The group is known by numerous aliases, including UNC2589, Bleeding Bear, DEV-0586, Cadet Blizzard, Frozenvista, and UAC-0056, reflecting various security vendors’ tracking efforts. It’s important to note that while some early reporting caused confusion, current evidence strongly suggests Ember Bear is distinct from another Russian-linked entity, Saint Bear, despite some shared tooling. The FBI assesses that Unit 29155 cyber actors often include junior active-duty GRU officers who are gaining experience under the direction of seasoned leadership, and the group also reportedly relies on non-GRU actors, including known cyber-criminals, to conduct operations. Their operations are often coordinated with broader geopolitical objectives, as seen in their activity preceding and during Russia’s invasion of Ukraine.
Tactics & Techniques
Ember Bear employs a diverse set of tactics, techniques, and procedures (TTPs) to achieve its objectives, often leveraging publicly available tools alongside custom malware. Initial access is frequently gained through exploiting external-facing services and public vulnerabilities in common platforms. This includes exploiting vulnerabilities in Confluence servers (e.g., CVE-2021-26084, CVE-2022-26134, CVE-2022-26138), Microsoft Exchange (e.g., CVE-2022-41040, ProxyShell), and various open-source content management systems. They also engage in password spraying against services like Outlook Web Access (OWA) to acquire valid credentials. The group uses legitimate Sysinternals tools like procdump to dump LSASS memory for credential capture and extracts registry hives such as the Security Account Manager.

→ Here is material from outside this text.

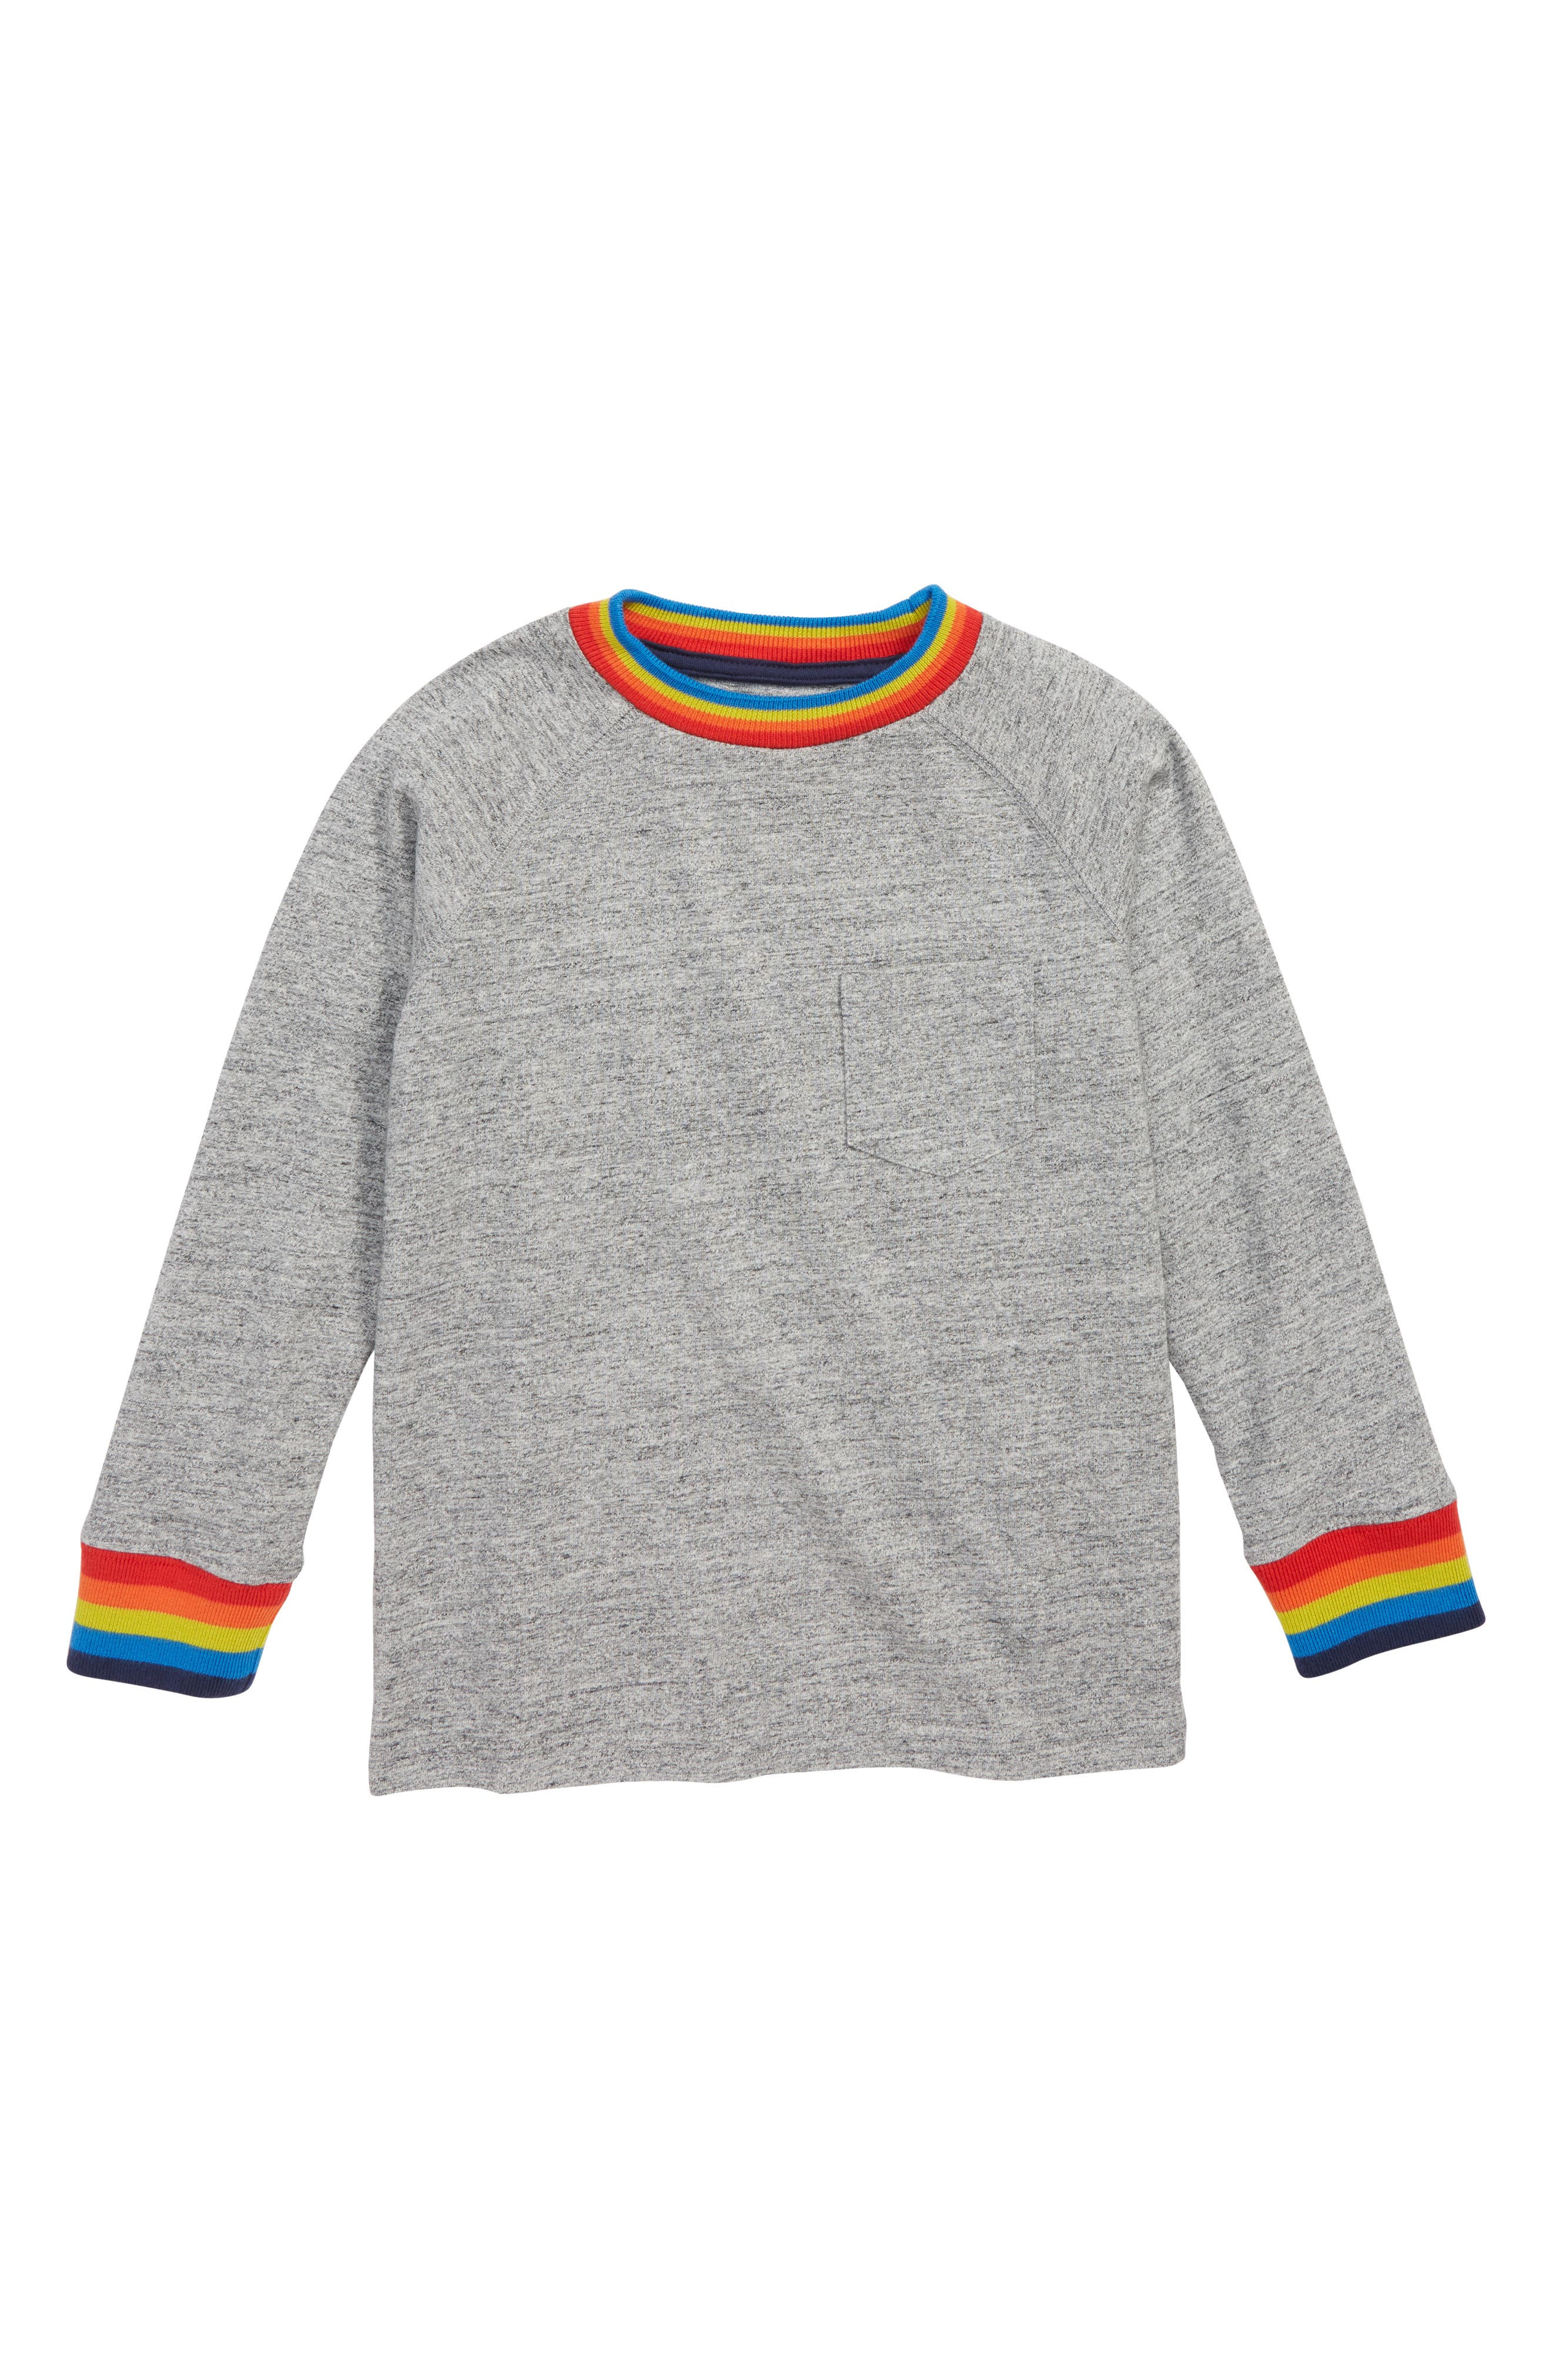 Stripe Raglan Sweatshirt,                         Main,                         color, GREY MARL JASPE

For reconnaissance, Ember Bear performs extensive vulnerability scanning of public-facing infrastructure using tools like MASSCAN and Acunetix, and targets specific IP ranges for government and critical infrastructure organizations. They also conduct account discovery, including domain and local accounts, and profile Active Directory environments using tools like BloodHound.
Persistence is often achieved through web shells and by establishing footholds in compromised networks for months, exfiltrating data before carrying out disruptive actions. Lateral movement within networks is facilitated by frameworks such as Impacket, which they also use for remote command execution via tools like PsExec. Command and Control (C2) infrastructure often involves virtual private servers (VPSs) and DNS tunneling tools like dnscat/2 and Iodine, with C2 communication occurring over various non-standard ports. To maintain anonymity, Ember Bear uses services such as IVPN, SurfShark, and Tor.
Ember Bear collects vast amounts of data from compromised systems, including mail from accessed systems and servers, and system information like volume enumerations and event logs. This collected data is often compressed before exfiltration to cloud storage services such as mega.nz using tools like Rclone. They also conduct “hack-and-leak” operations, posting exfiltrated information on public websites or via Telegram channels.
Notable Campaigns
Ember Bear has been implicated in several significant cyber campaigns:
- WhisperGate Destructive Wiper Attacks (Early 2022): This is arguably their most well-known campaign, preceding Russia’s full-scale invasion of Ukraine in February 2022. Beginning as early as January 13, 2022, Ember Bear deployed WhisperGate malware against numerous Ukrainian government and critical infrastructure organizations. The malware, which masqueraded as ransomware, was designed to overwrite the Master Boot Record (MBR) and corrupt files, rendering systems inoperable with no intention of data recovery, effectively serving as a destructive wiper. These attacks were seen as a preemptive strike to prepare for military operations and sow chaos.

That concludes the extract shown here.